Une mythologie de l’altitude par la plume

L’écriture occupe une place centrale dans sa démarche créatrice. En 1940, il publie son premier récit de montagne, L’Amateur d’abîmes, qui pose les bases de sa philosophie des sommets. Plus tard, son roman Le Fou d’Edenberg frôle la consécration en étant nommé pour le prix Goncourt en 1967.

Toutefois, son chef-d’œuvre littéraire reste sans doute Hommes, cimes et dieux, publié en 1973. Fruit de vingt années de recherches approfondies, cette somme explore les croyances, les mythes et les religions liés à l’altitude à travers les âges. Cet ouvrage majeur lui vaut d’ailleurs le prix Louis-Barthou de l’Académie française.

Un pionnier de l’écologie face au tourisme de masse

Le combat pour les espaces sauvages

L’artiste montagnard a compris très tôt que la beauté des sommets était mortelle. Aux côtés de personnalités comme le scientifique Théodore Monod, il s’engage activement pour la protection de l’environnement. Son action s’avère déterminante dans les campagnes nationales menant à la création du le Parc national de la Vanoise.

Il apporte également son soutien à des mouvements internationaux de défense des montagnes, refusant de voir les derniers sanctuaires d’altitude transformés en parcs d’attractions pour skieurs citadins.

La prophétie des choucas

Dès les années 1930, dans son recueil de dessins Sous l’œil des choucas, il anticipe de manière saisissante les dérives du tourisme industriel. Sa célèbre planche L’alpinisme en l’an 2000 montre des sommets défigurés par des passerelles métalliques, des ascenseurs et des panneaux publicitaires lumineux.

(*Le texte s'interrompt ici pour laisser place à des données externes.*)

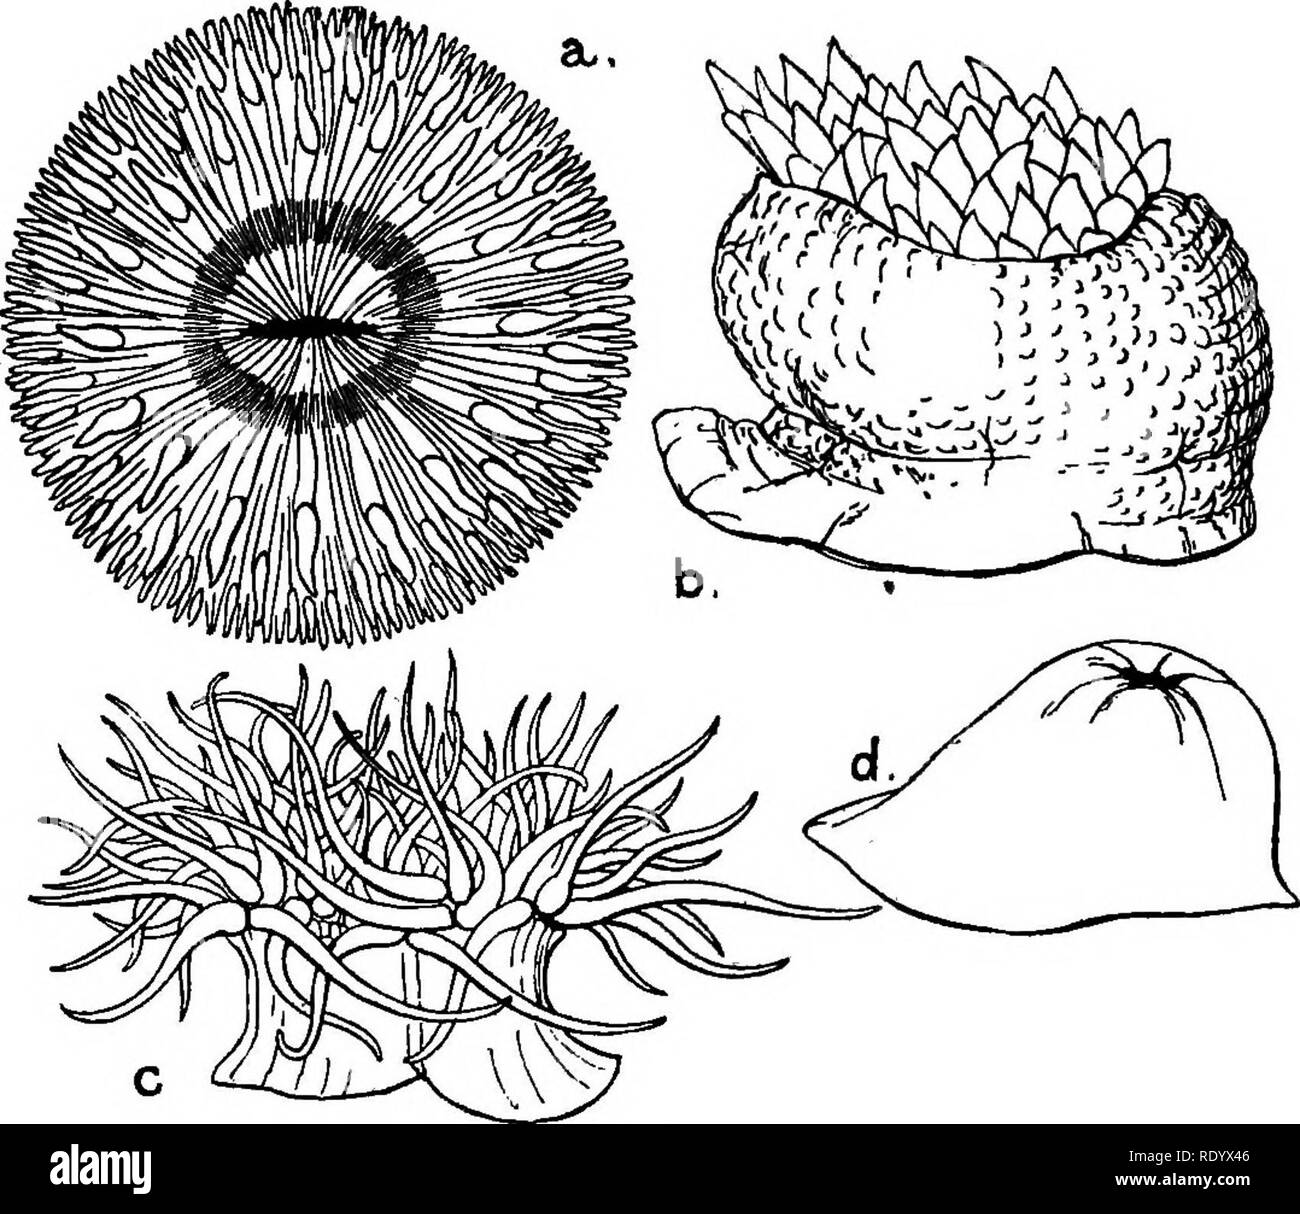 . Diversions of a naturalist . Natural history. SEA-WORMS AND SEA-ANEMONES 85. Fig. 6.---British Sea-Anemones. a, Sagartia bellis, the daisy anemone, viewed from above when fully expanded. b, Bunodes crassicornis, half expanded ; side view. c, Anthea cereus. The tentacles are pale apple-green in colour, tipped with mauve, and cannot be completely retracted. d, Actinia mesembryanthemum. The disk of tentacles is completely retracted. This is the commonest sea-anemone on our South Coast, and is usually maroon colour, but often is spotted like a strawberry.. Please note that these images are extra Stock Photo

La planche suivante, L’alpinisme en l’an 3000, offre une perspective plus radicale : la montagne y est redevenue totalement vierge de toute trace humaine, nettoyée de ses infrastructures, sous le regard d’un oiseau noir qui s’exclame : « Enfin seuls ! ». Ces dessins prophétiques continuent aujourd’hui de circuler sur les réseaux sociaux, repris par de jeunes militants qui luttent contre l’aménagement des derniers glaciers.

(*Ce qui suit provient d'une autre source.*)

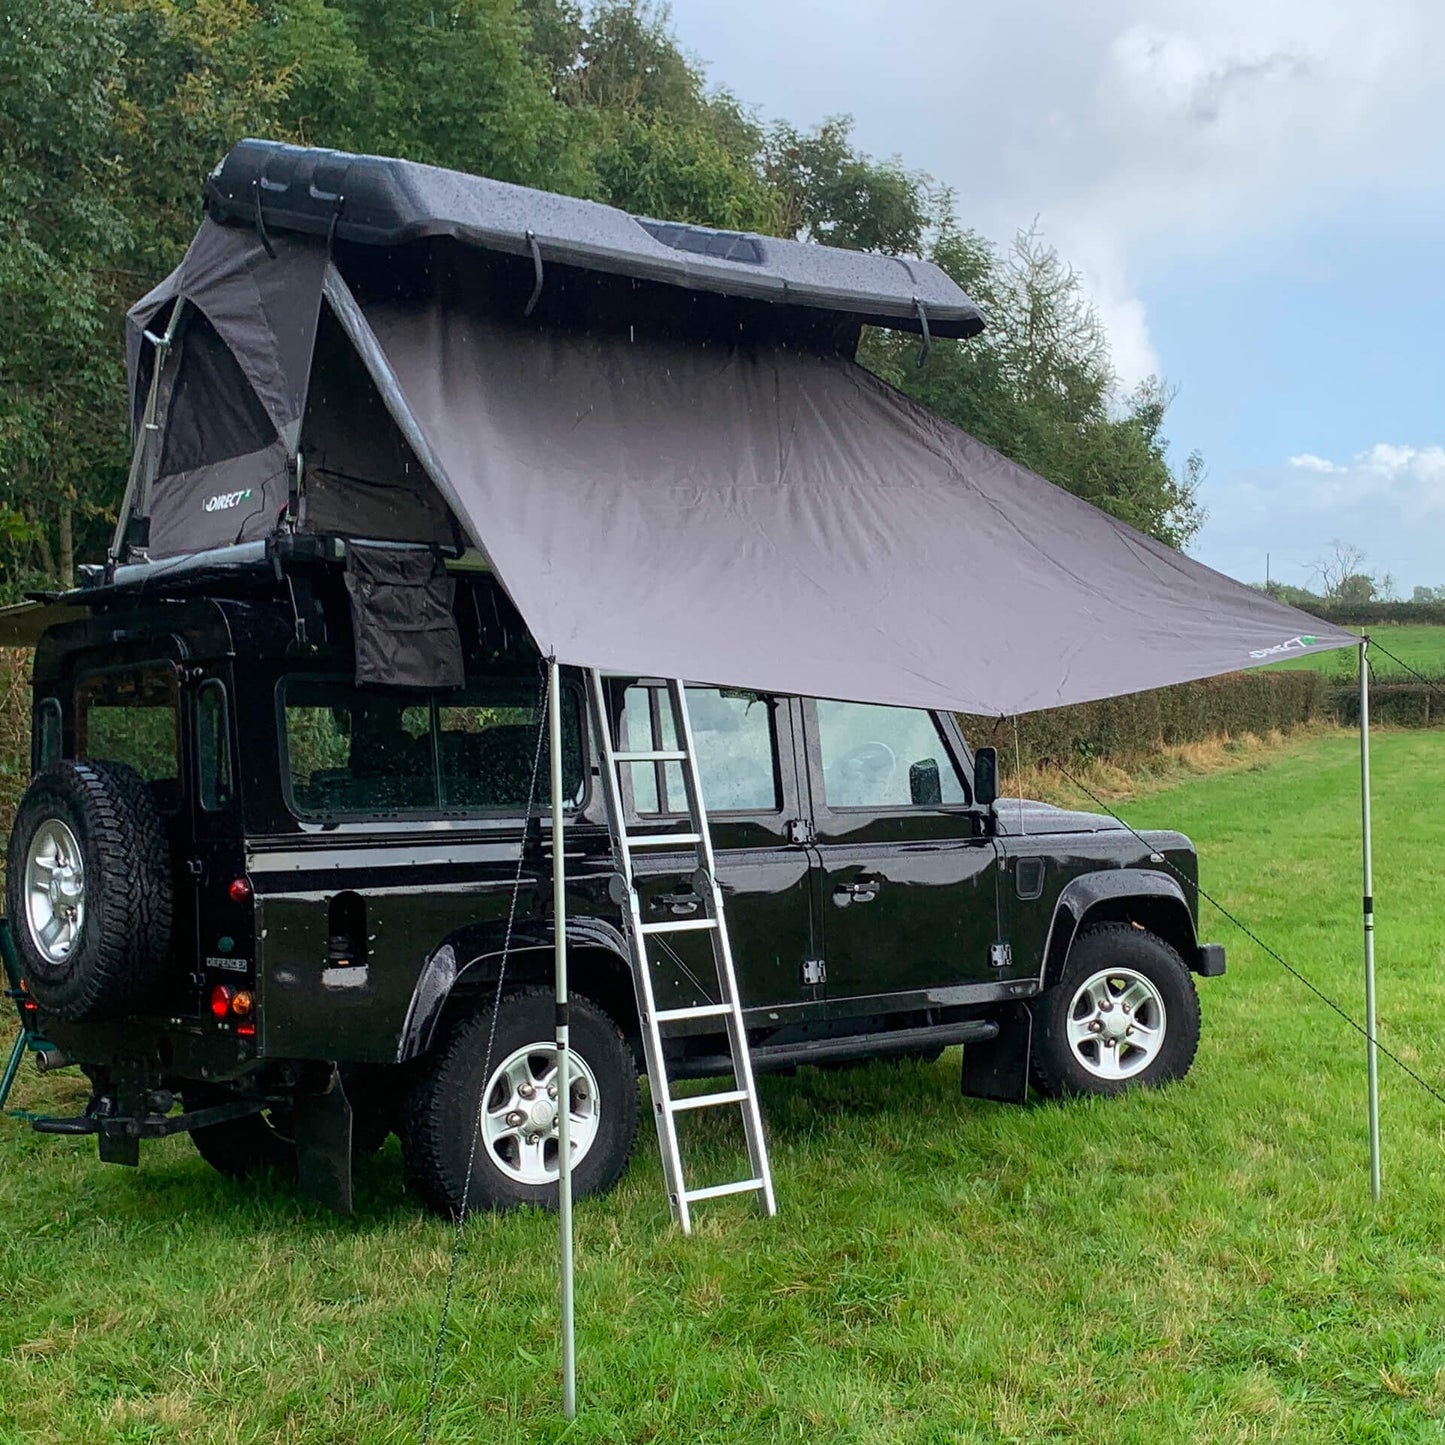 Granite Grey Sun Shade Awning Canopy for Direct4x4 Pathseeker Roof Top Tent -  - sold by Direct4x4

Un héritage préservé pour les générations futures

Après sa disparition en février 1992 à Grenoble, l’ensemble de ses archives et de ses œuvres graphiques a été confié au Musée d’ethnographie de Genève. Cette institution veille sur ce trésor artistique et organise régulièrement des expositions pour faire découvrir son univers au public.

Les hommages se succèdent pour saluer la mémoire de ce prince des hauteurs, notamment à travers l’exposition rétrospective La magia delle altezze présentée à Turin, ou la publication de biographies richement illustrées. Ses cendres reposent désormais sur les dômes de Miage, face au mont Blanc, là où le silence et le vent continuent de murmurer sa poésie.

À l’heure où le réchauffement climatique et la surfréquentation menacent plus que jamais l’équilibre des écosystèmes alpins, le message de cet amoureux des cimes conserve toute sa force. En nous invitant à contempler la montagne avec respect et humilité, il nous rappelle que la véritable grandeur de l’altitude réside dans sa part de mystère et de liberté sauvage.